Segment Start: Data provided
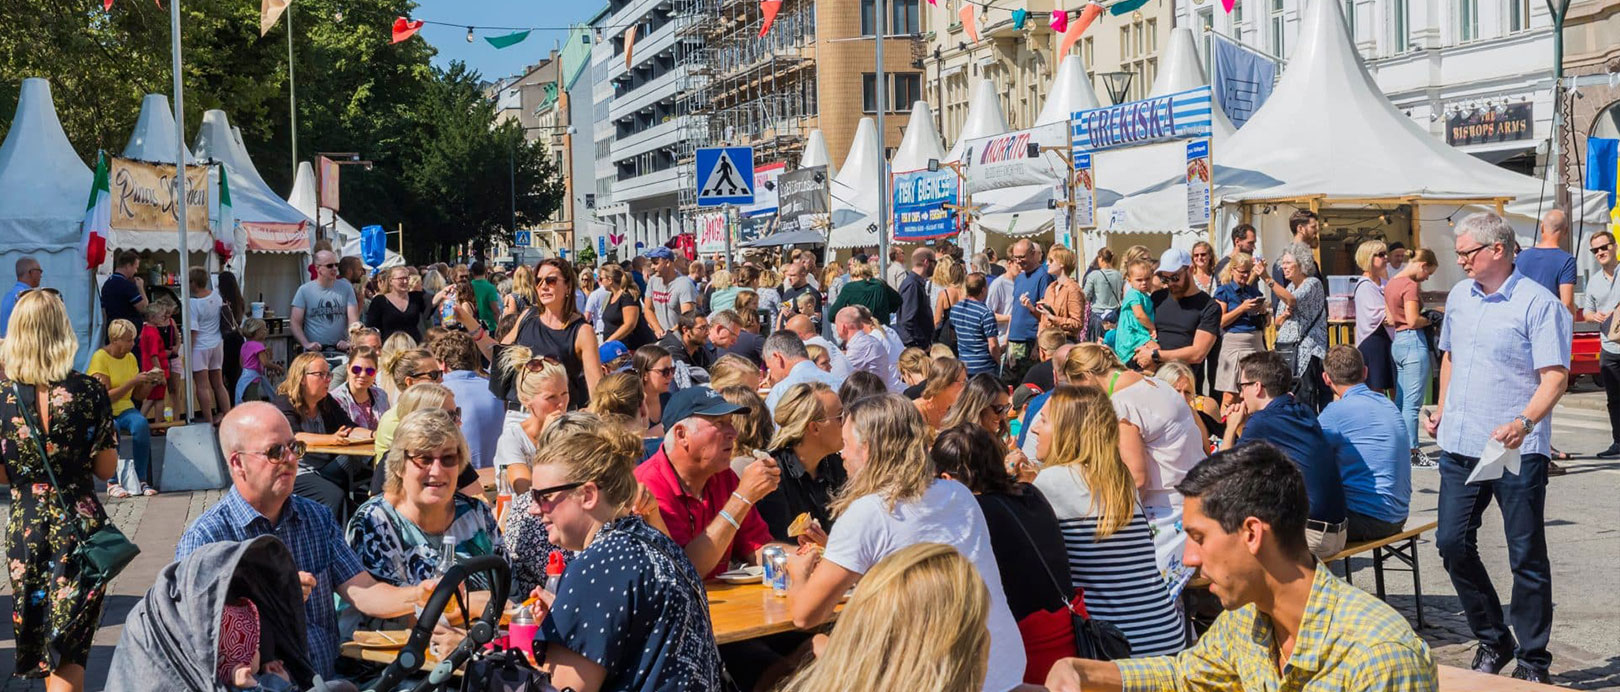 25 Of The Best Summer Food Festivals In Europe 
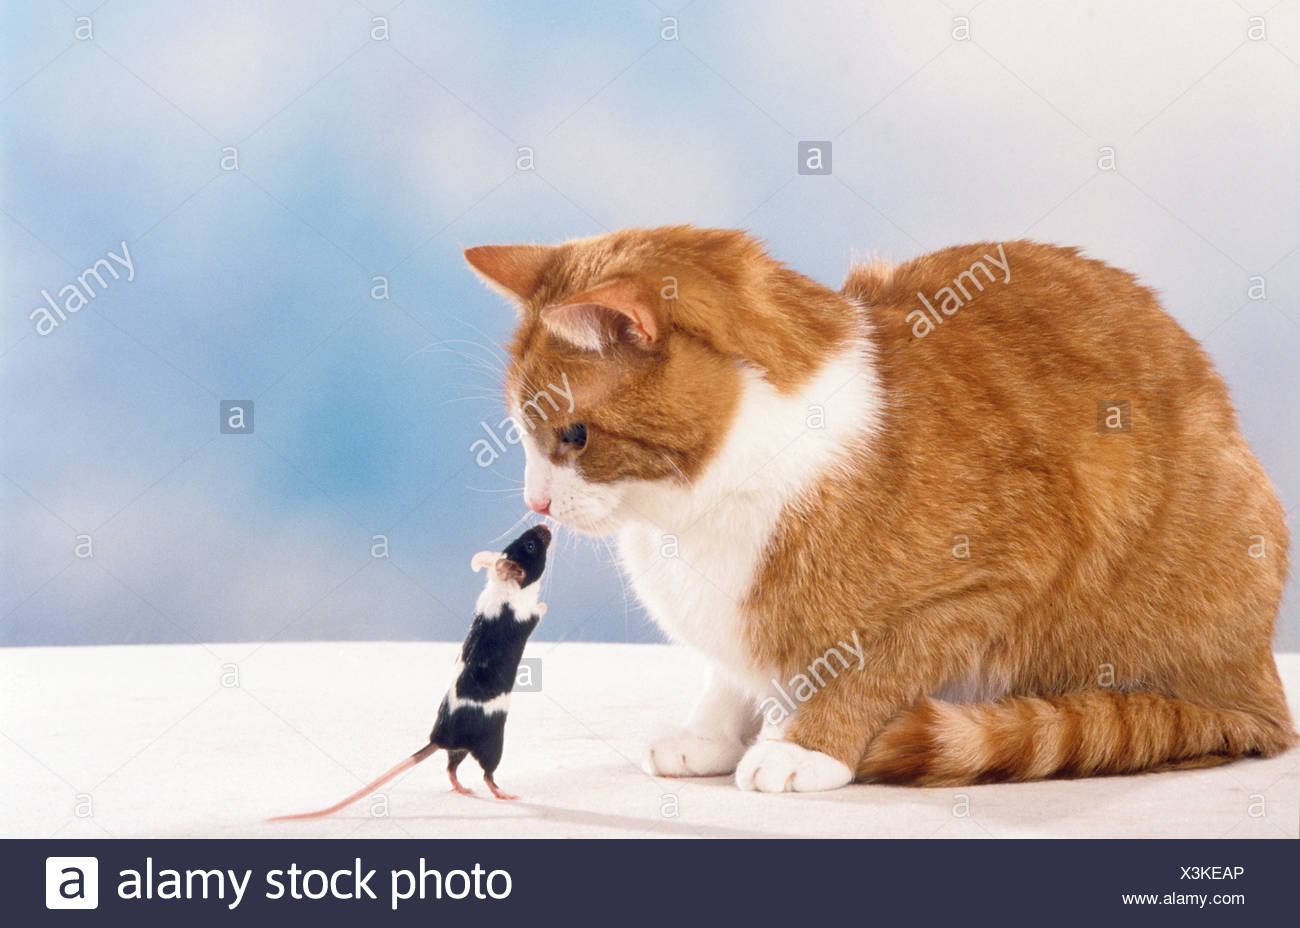 Animal Friendship Cat And Mouse Stock Photo Alamy
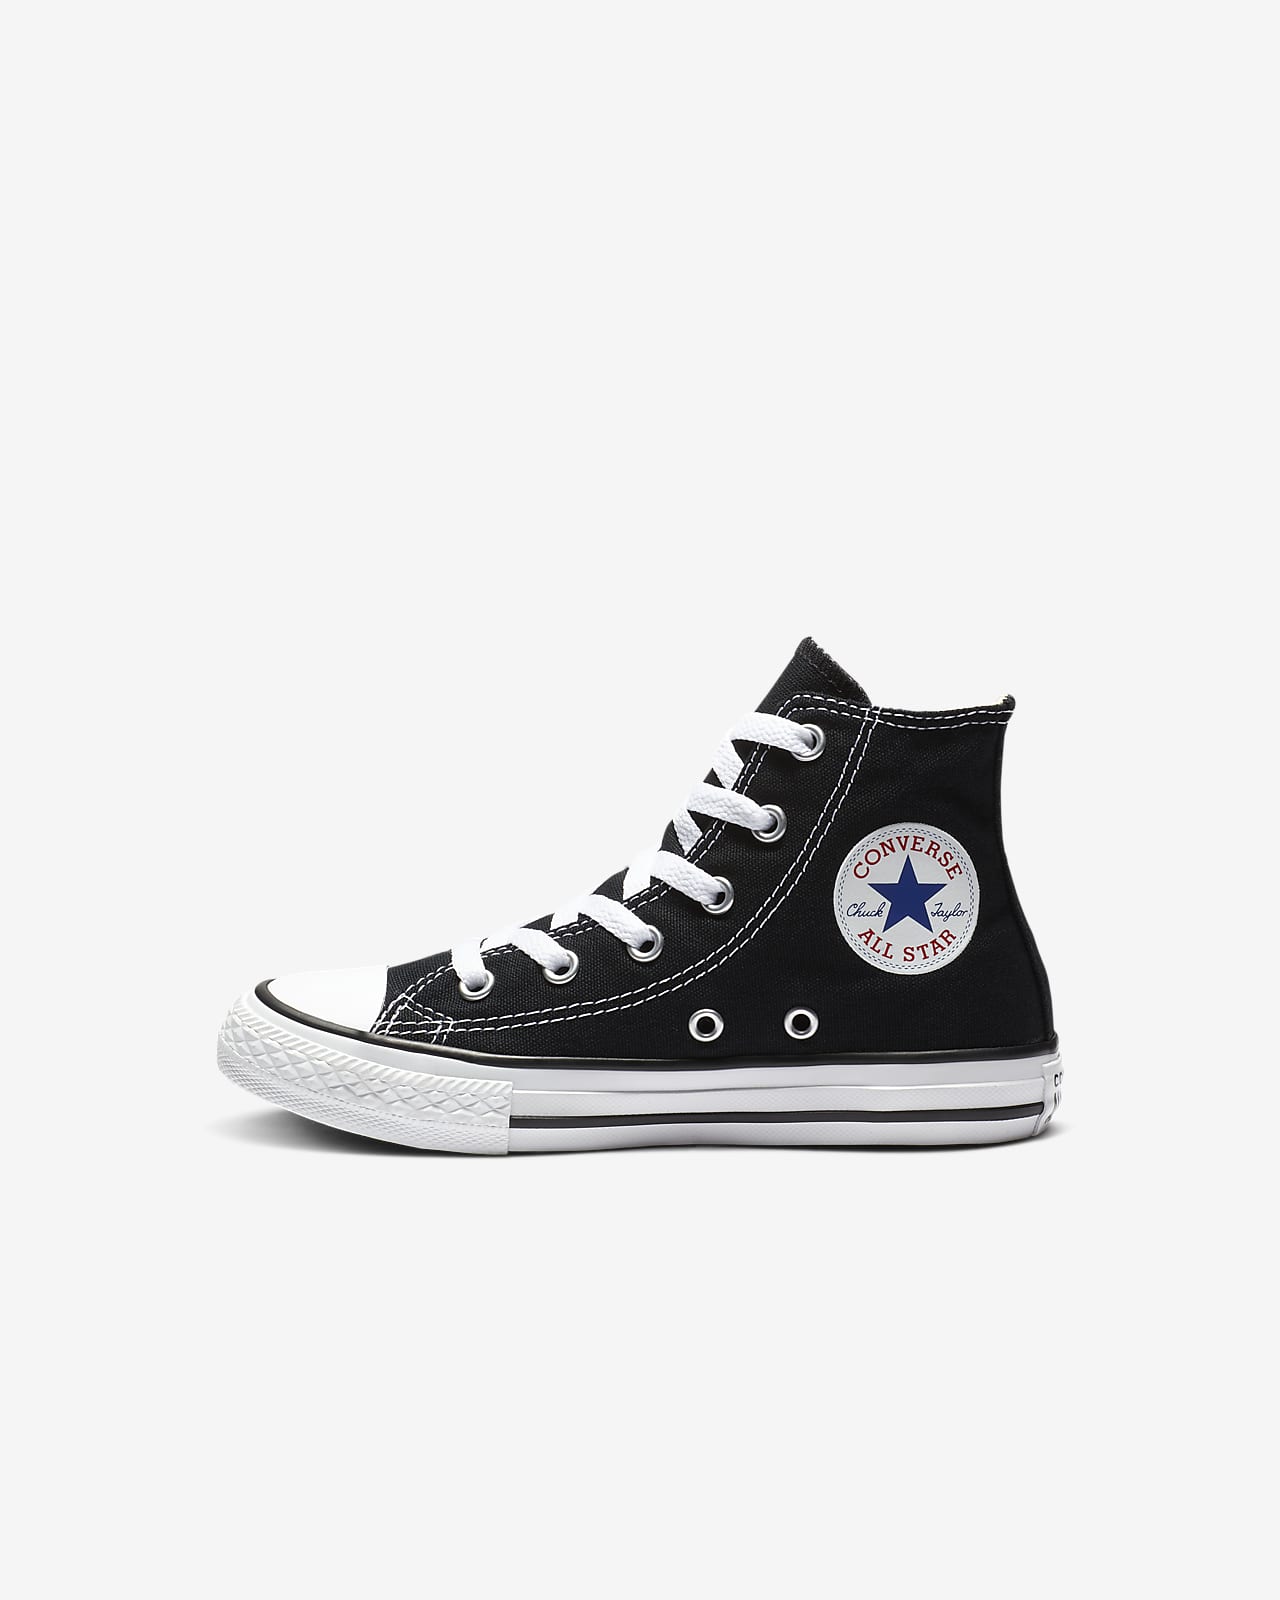 converse all star kids shoes
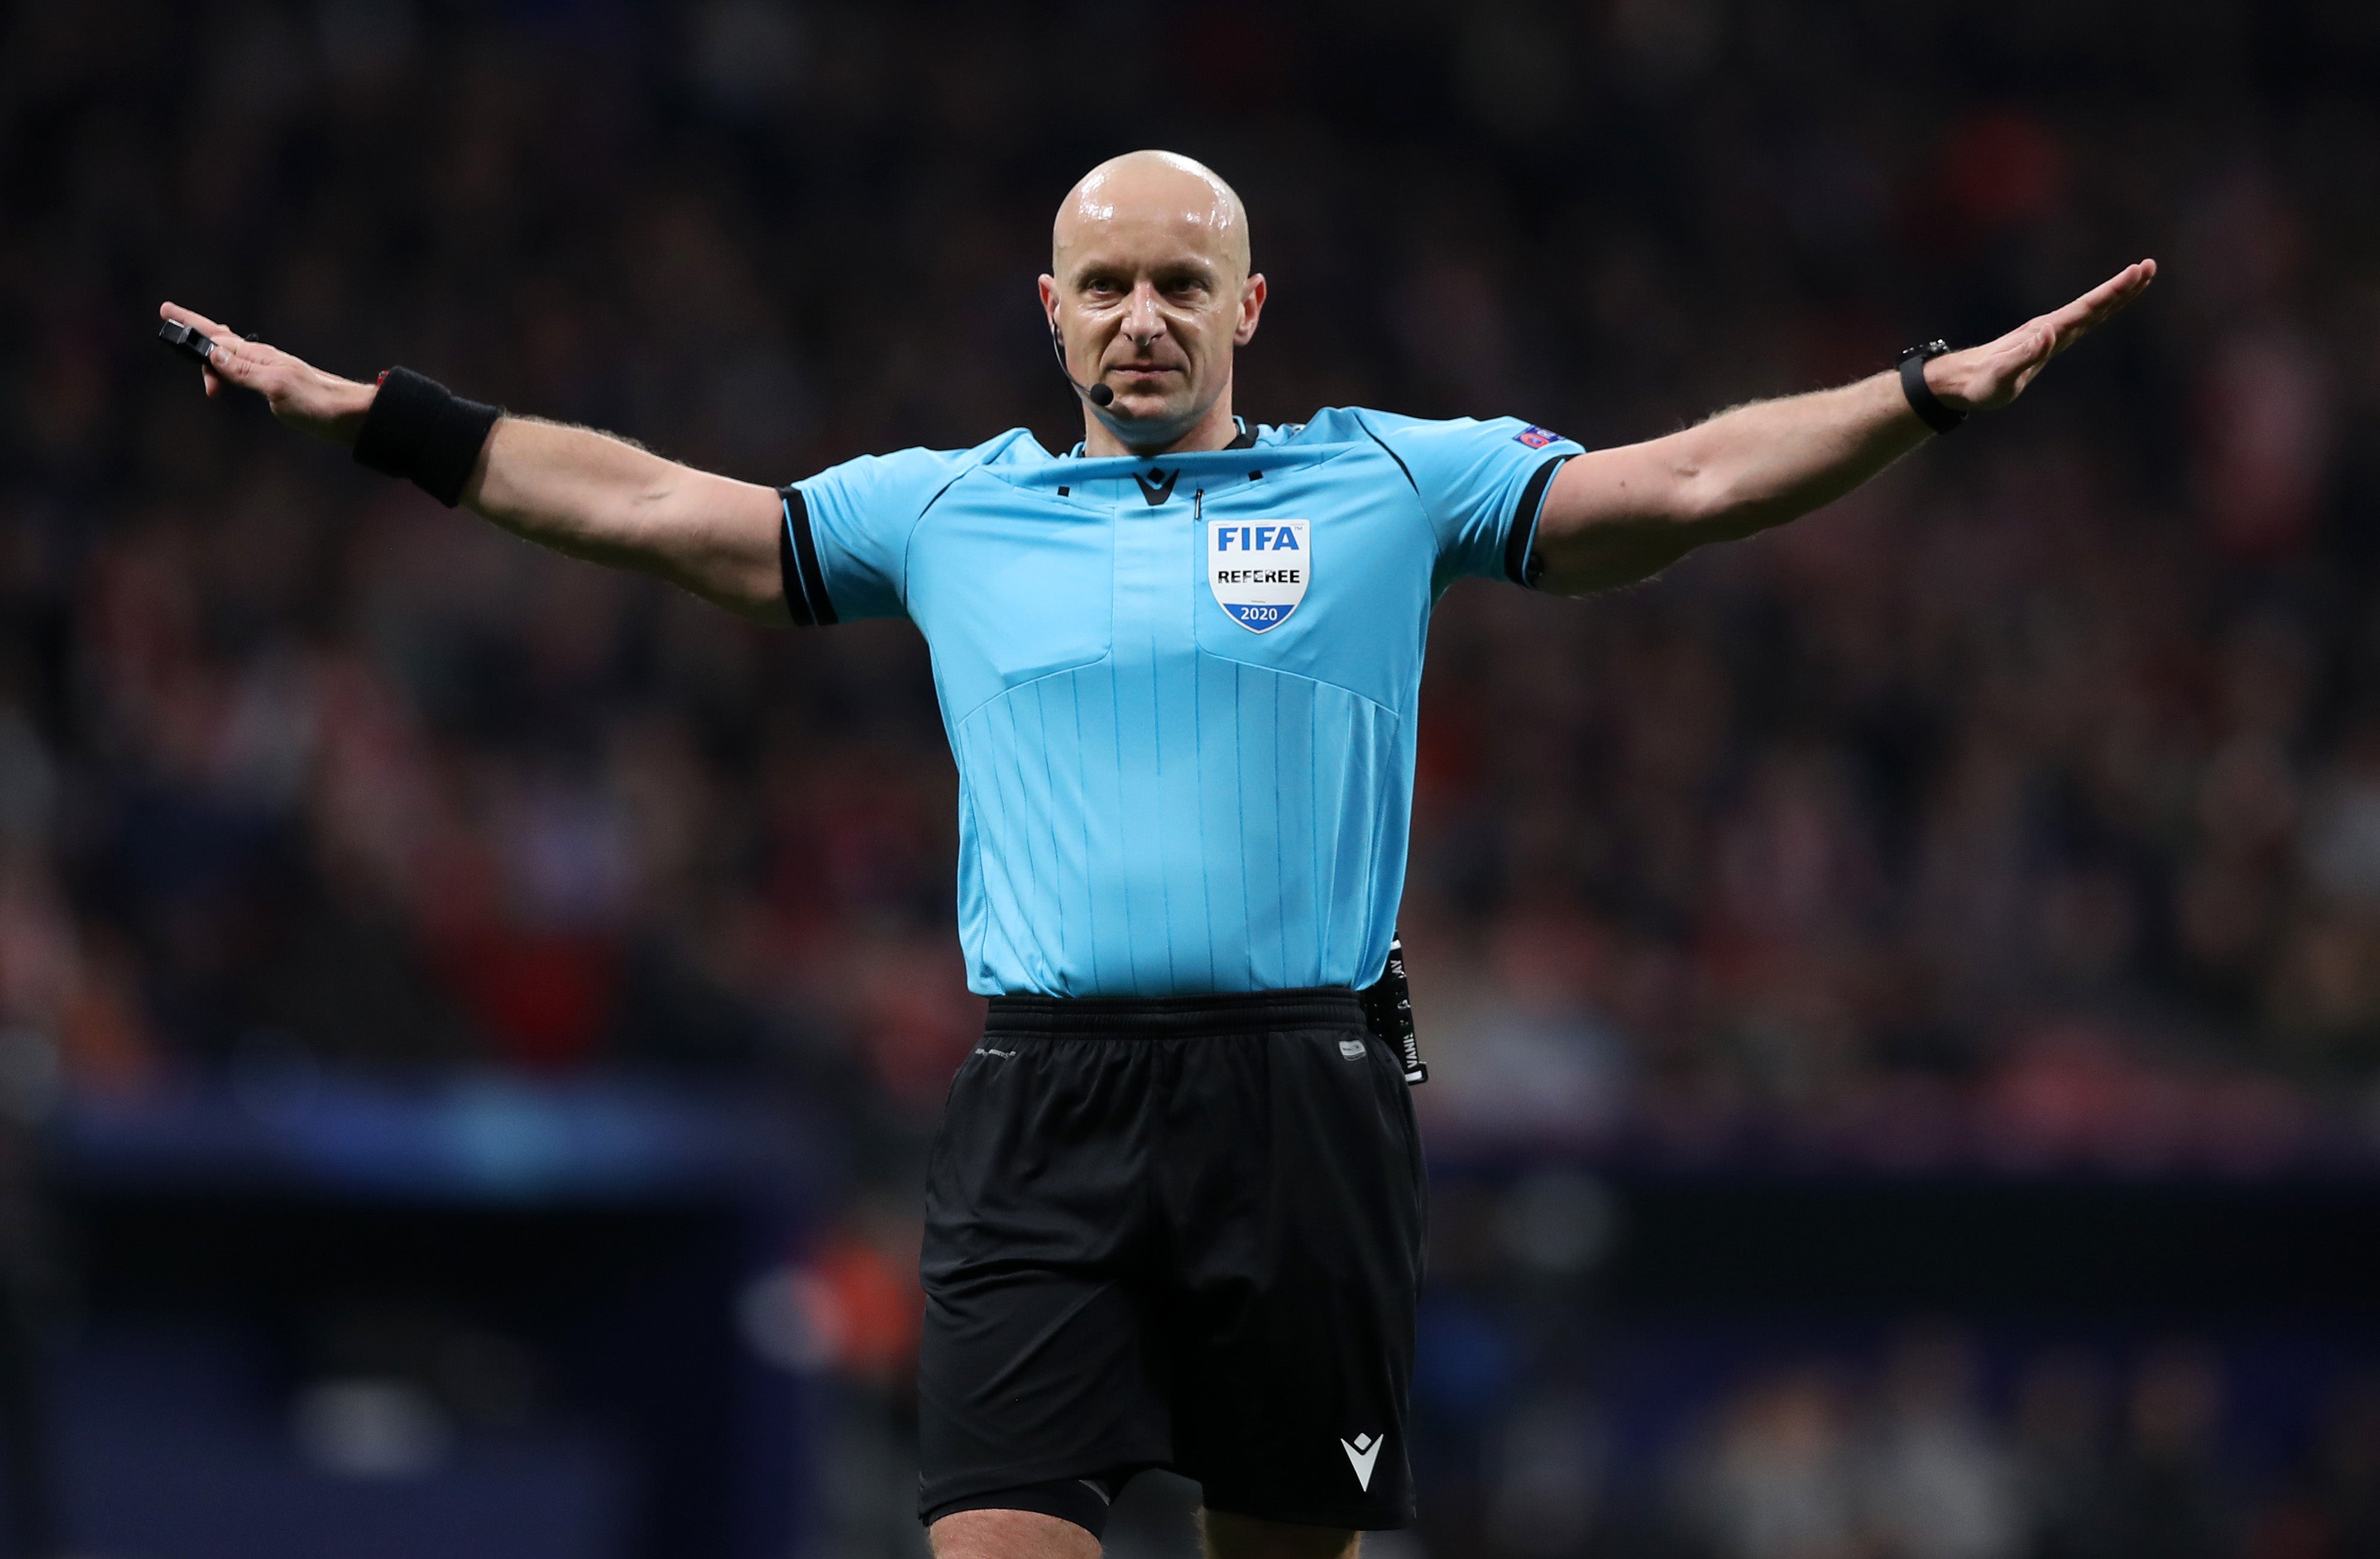  Szymon Marciniak, a bald male referee, is apologizing to Bayern Munich players after making a controversial call during a match.
Segment End: Data provided
§ What you will do: Write the listing out a second time exactly, dropping all images.

§ Response for this exercise:
 25 Of The Best Summer Food Festivals In Europe 
 Animal Friendship Cat And Mouse Stock Photo Alamy
 converse all star kids shoes
  Szymon Marciniak, a bald male referee, is apologizing to Bayern Munich players after making a controversial call during a match.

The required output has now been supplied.